MATERIAL PROVIDED:
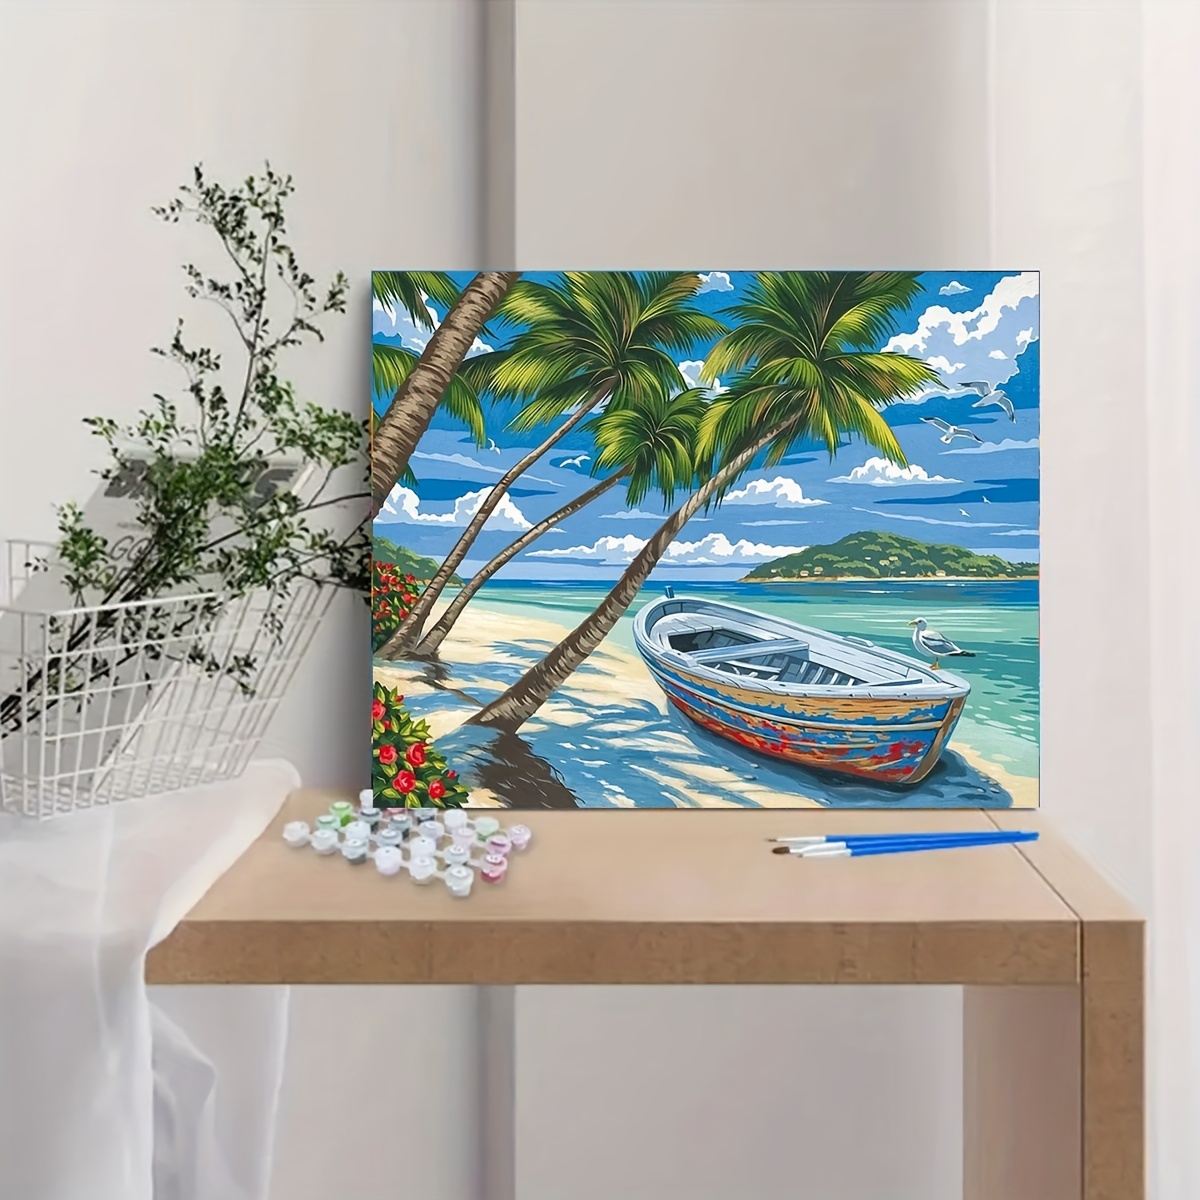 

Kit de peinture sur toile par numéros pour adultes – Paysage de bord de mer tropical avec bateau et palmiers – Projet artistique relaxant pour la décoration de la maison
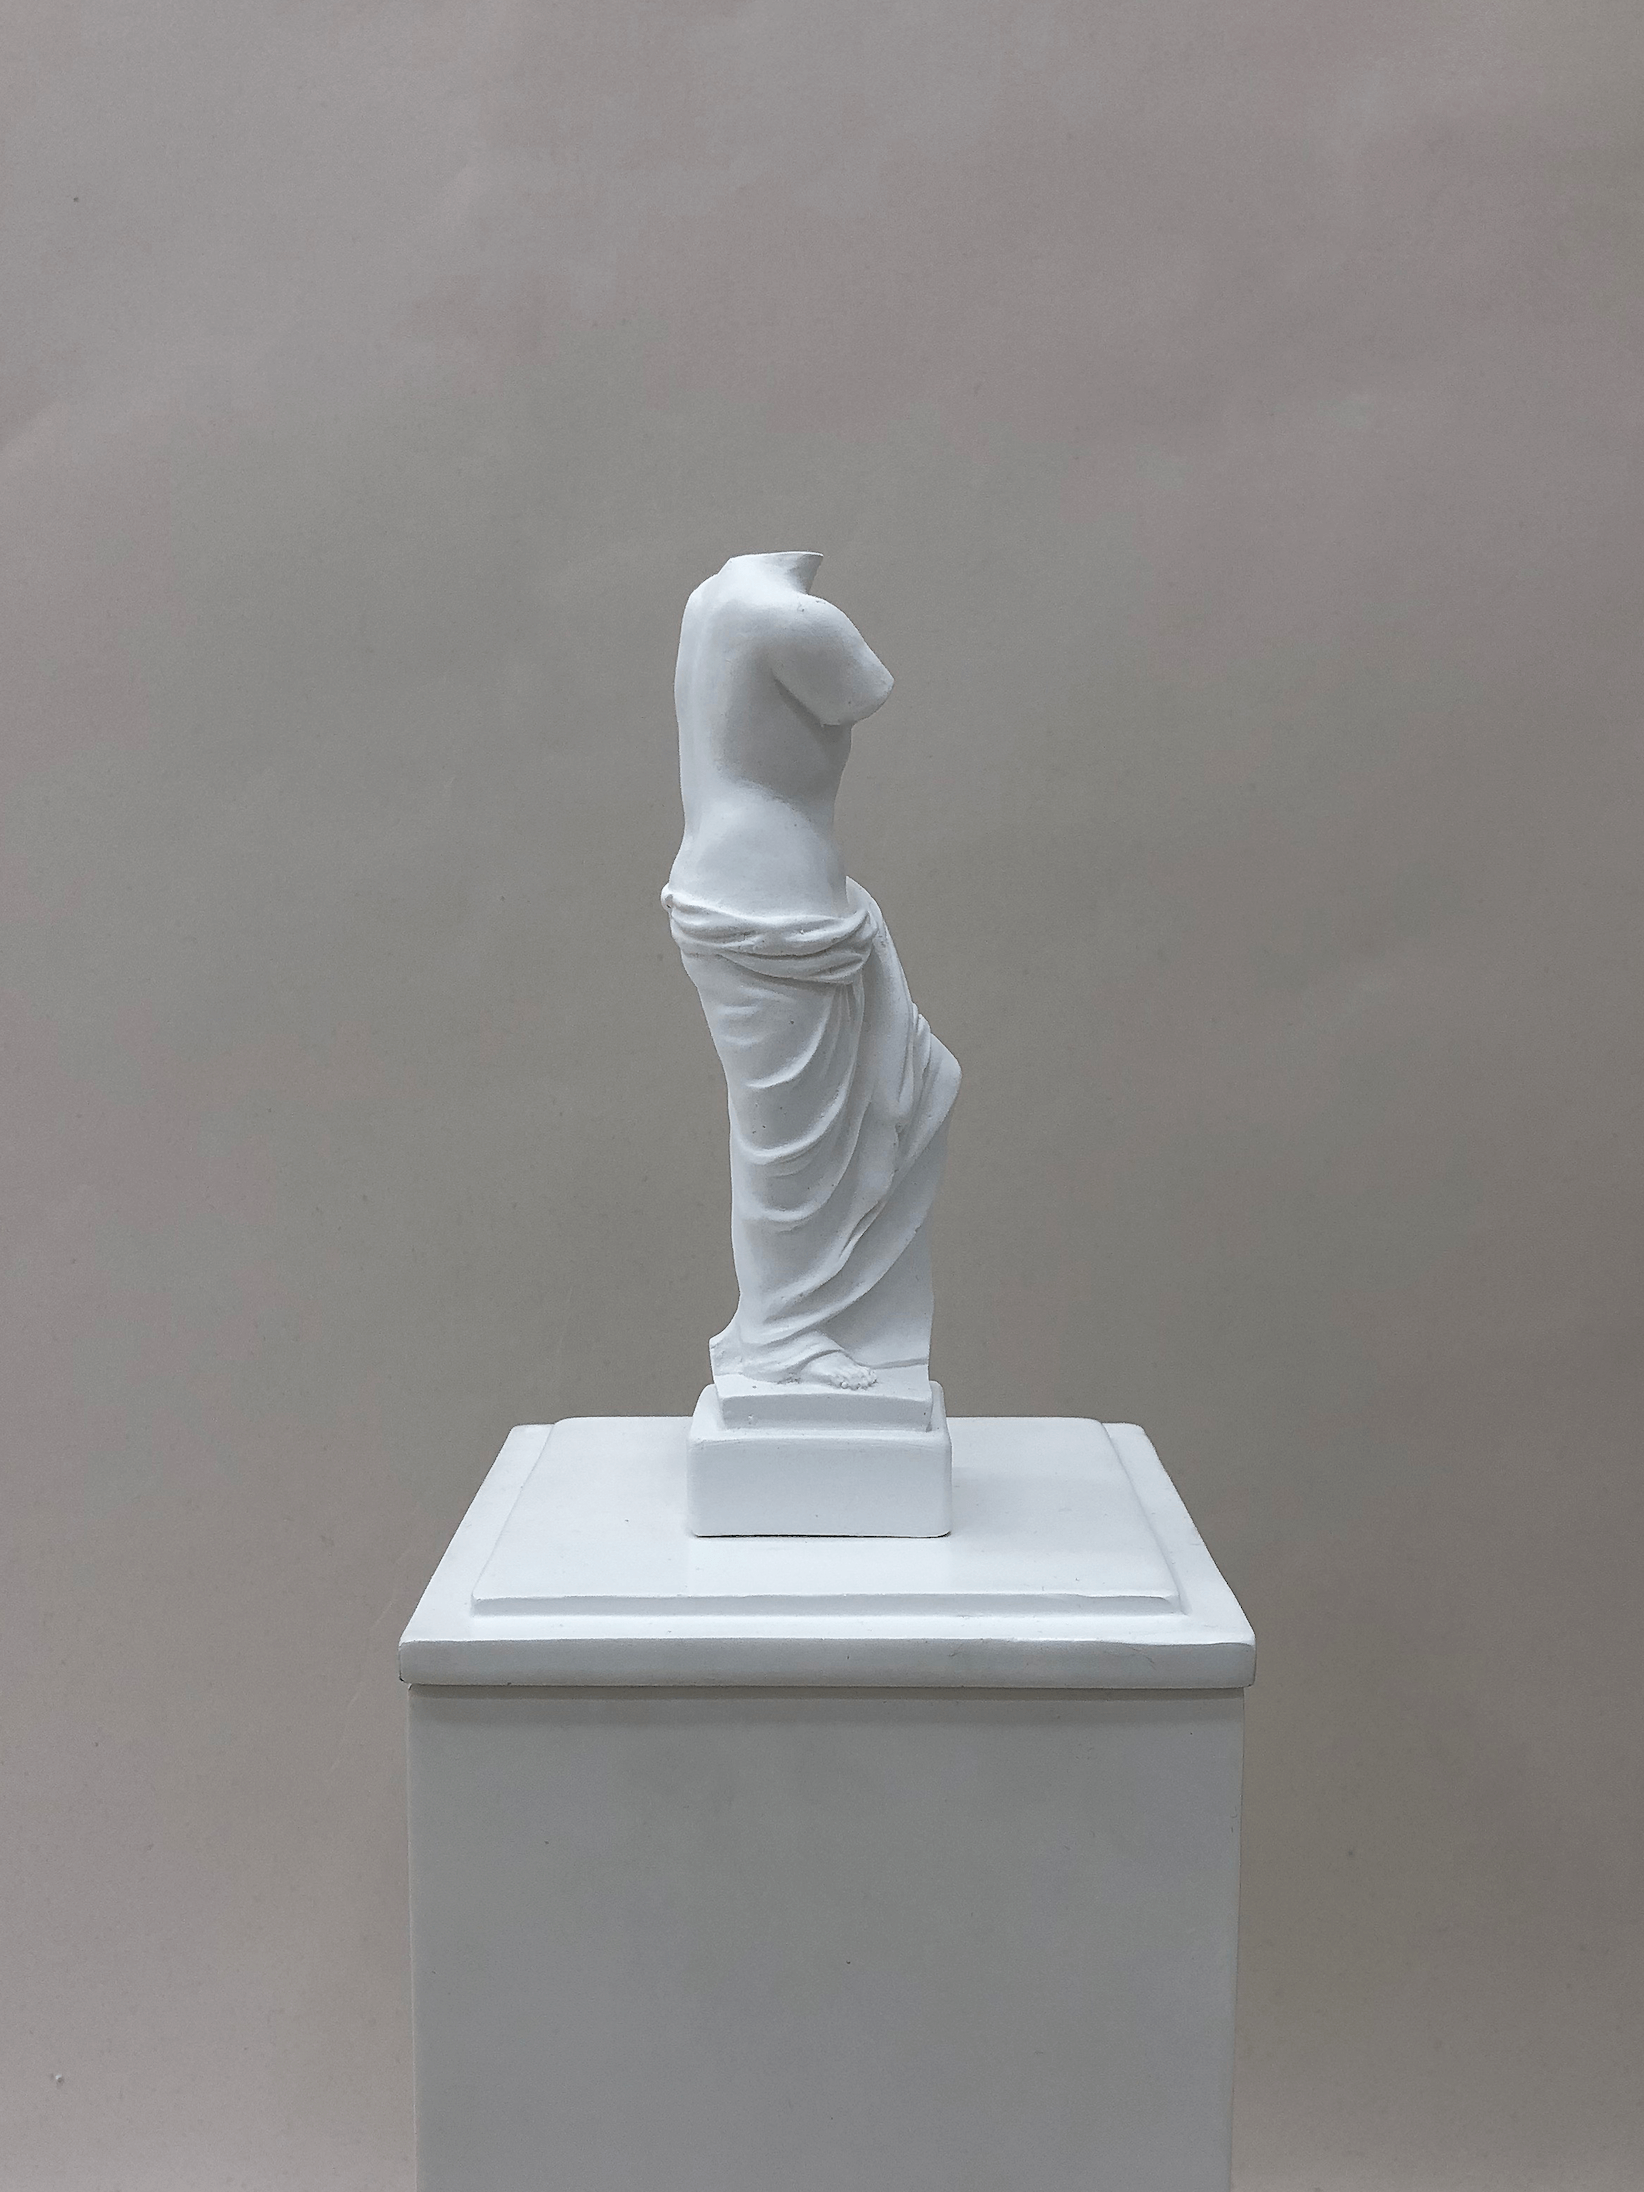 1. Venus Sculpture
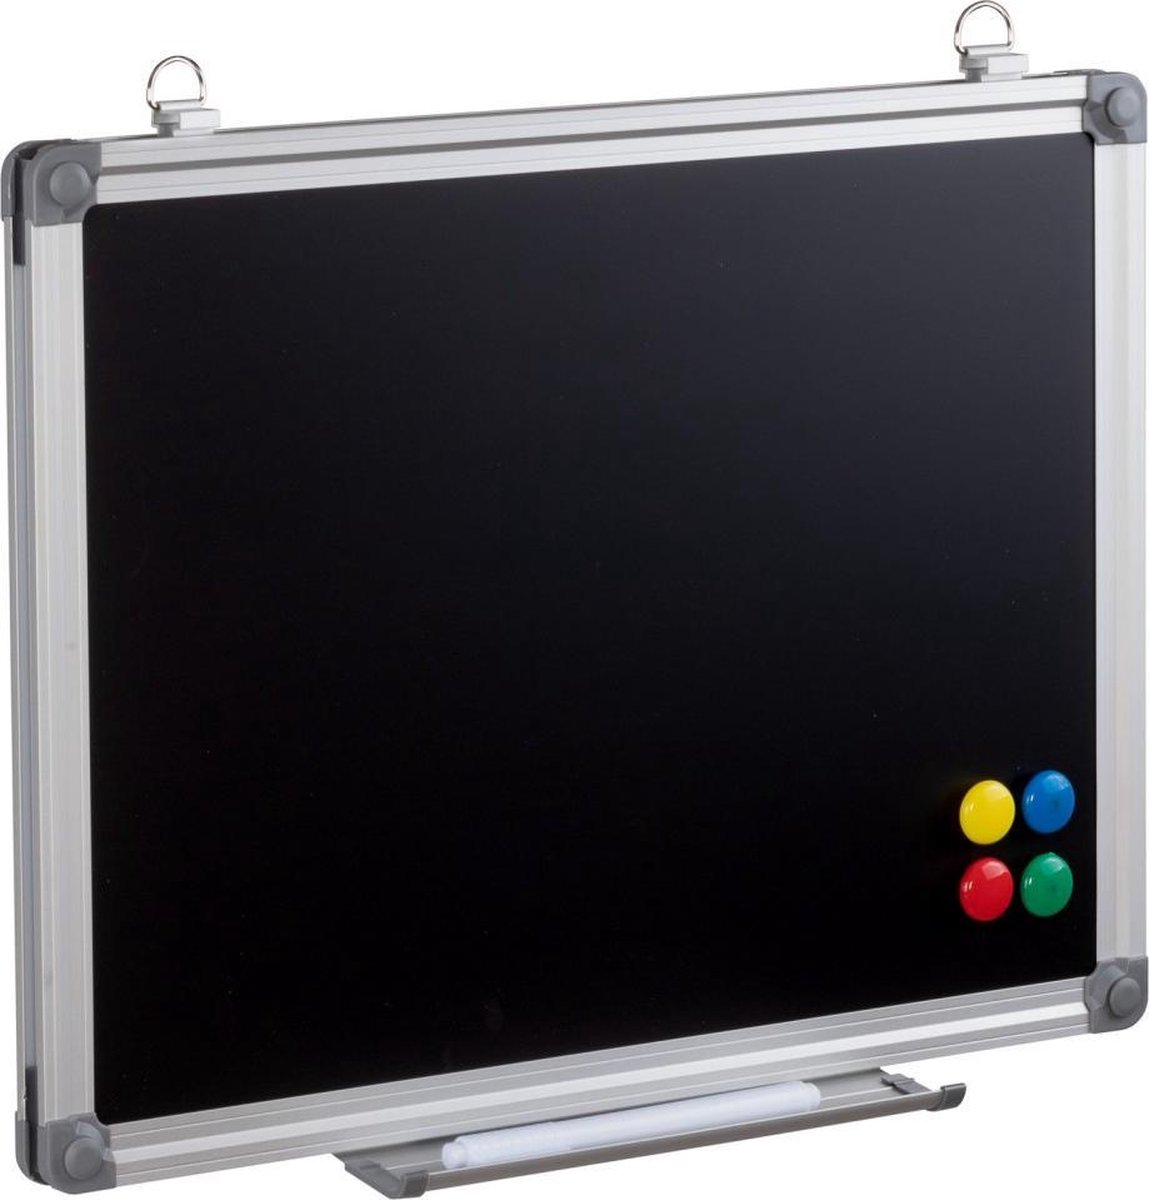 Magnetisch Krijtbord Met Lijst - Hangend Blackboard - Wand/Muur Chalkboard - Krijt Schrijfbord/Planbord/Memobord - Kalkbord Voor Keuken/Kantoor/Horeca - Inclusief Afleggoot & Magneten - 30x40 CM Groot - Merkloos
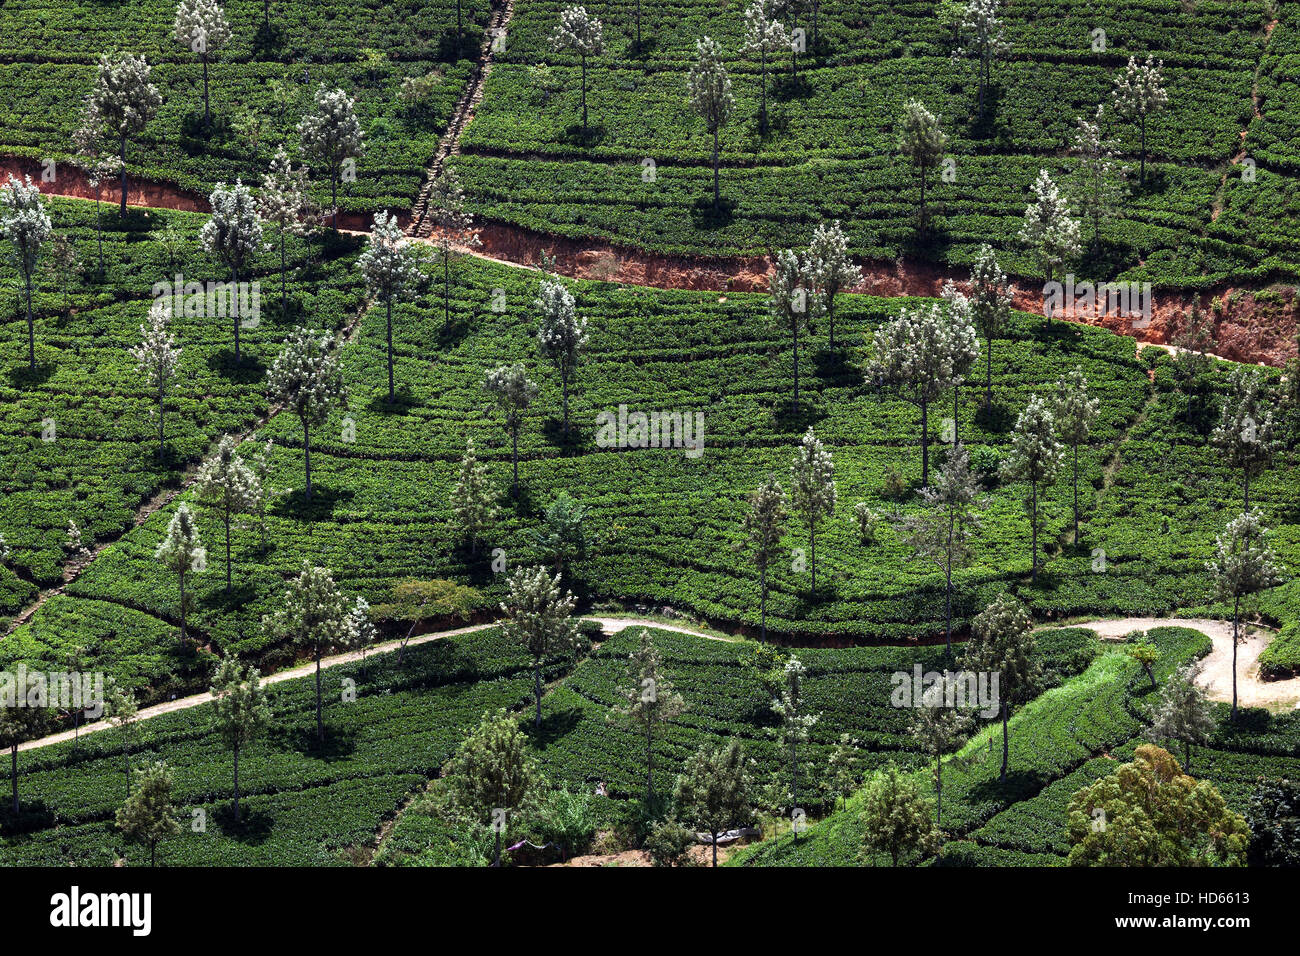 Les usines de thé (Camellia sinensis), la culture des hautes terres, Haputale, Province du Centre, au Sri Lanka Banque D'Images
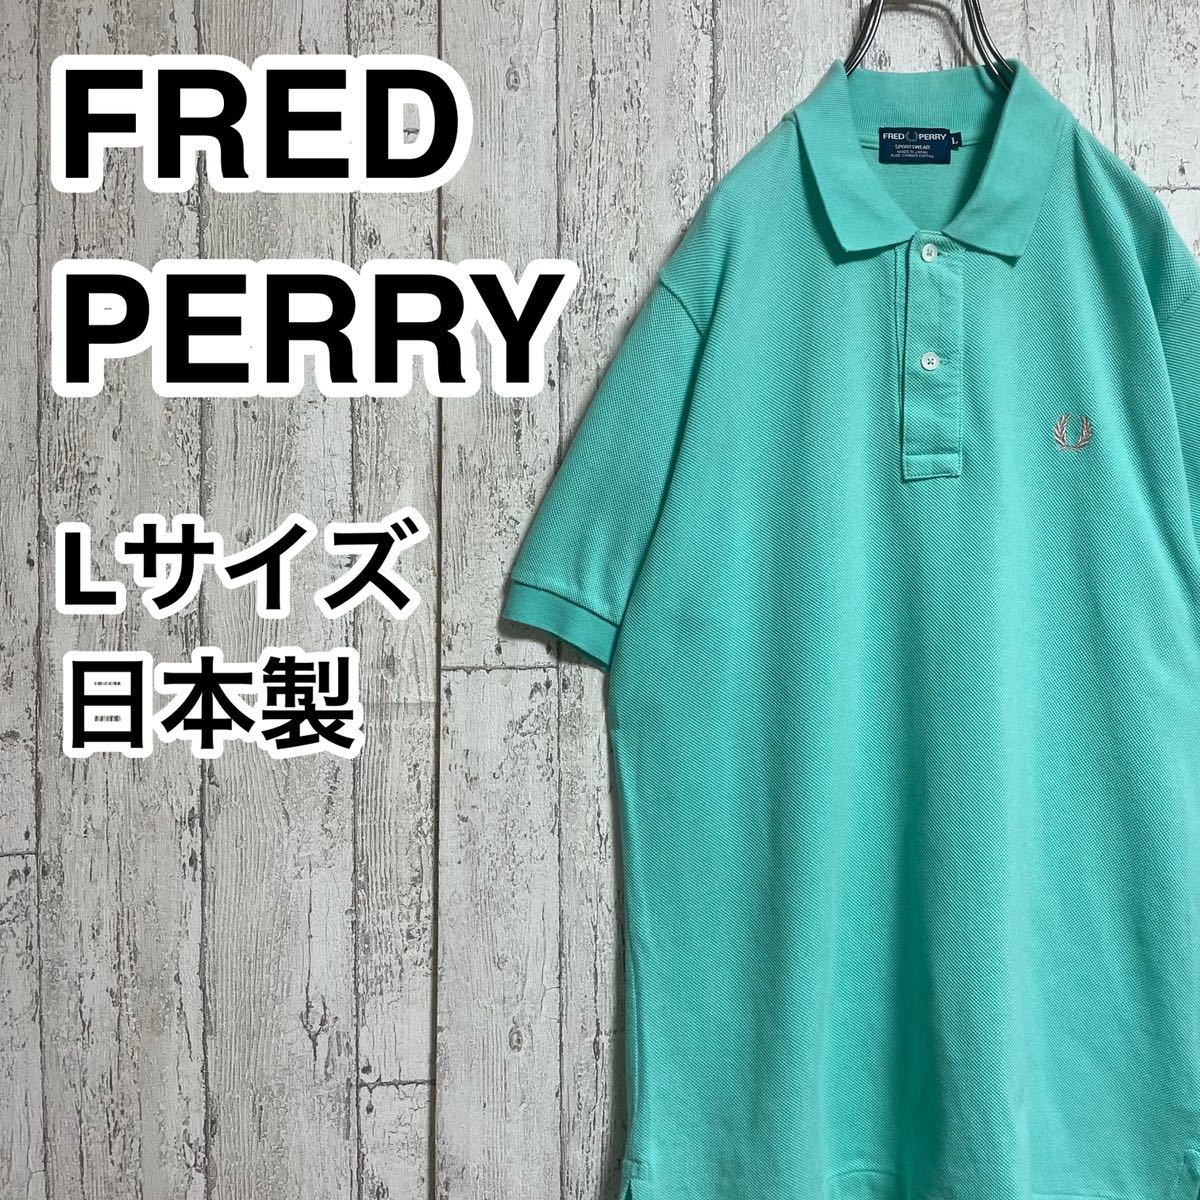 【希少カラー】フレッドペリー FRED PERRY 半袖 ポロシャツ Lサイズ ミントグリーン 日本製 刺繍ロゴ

WHAT IS REQUIRED:
Restate word for word each line from the top of the listing down to and including the line that holds "1. Venus Sculpture". Drop any pictures.

SOLUTION TO THE PROBLEM:
Kit de peinture sur toile par numéros pour adultes – Paysage de bord de mer tropical avec bateau et palmiers – Projet artistique relaxant pour la décoration de la maison
 1. Venus Sculpture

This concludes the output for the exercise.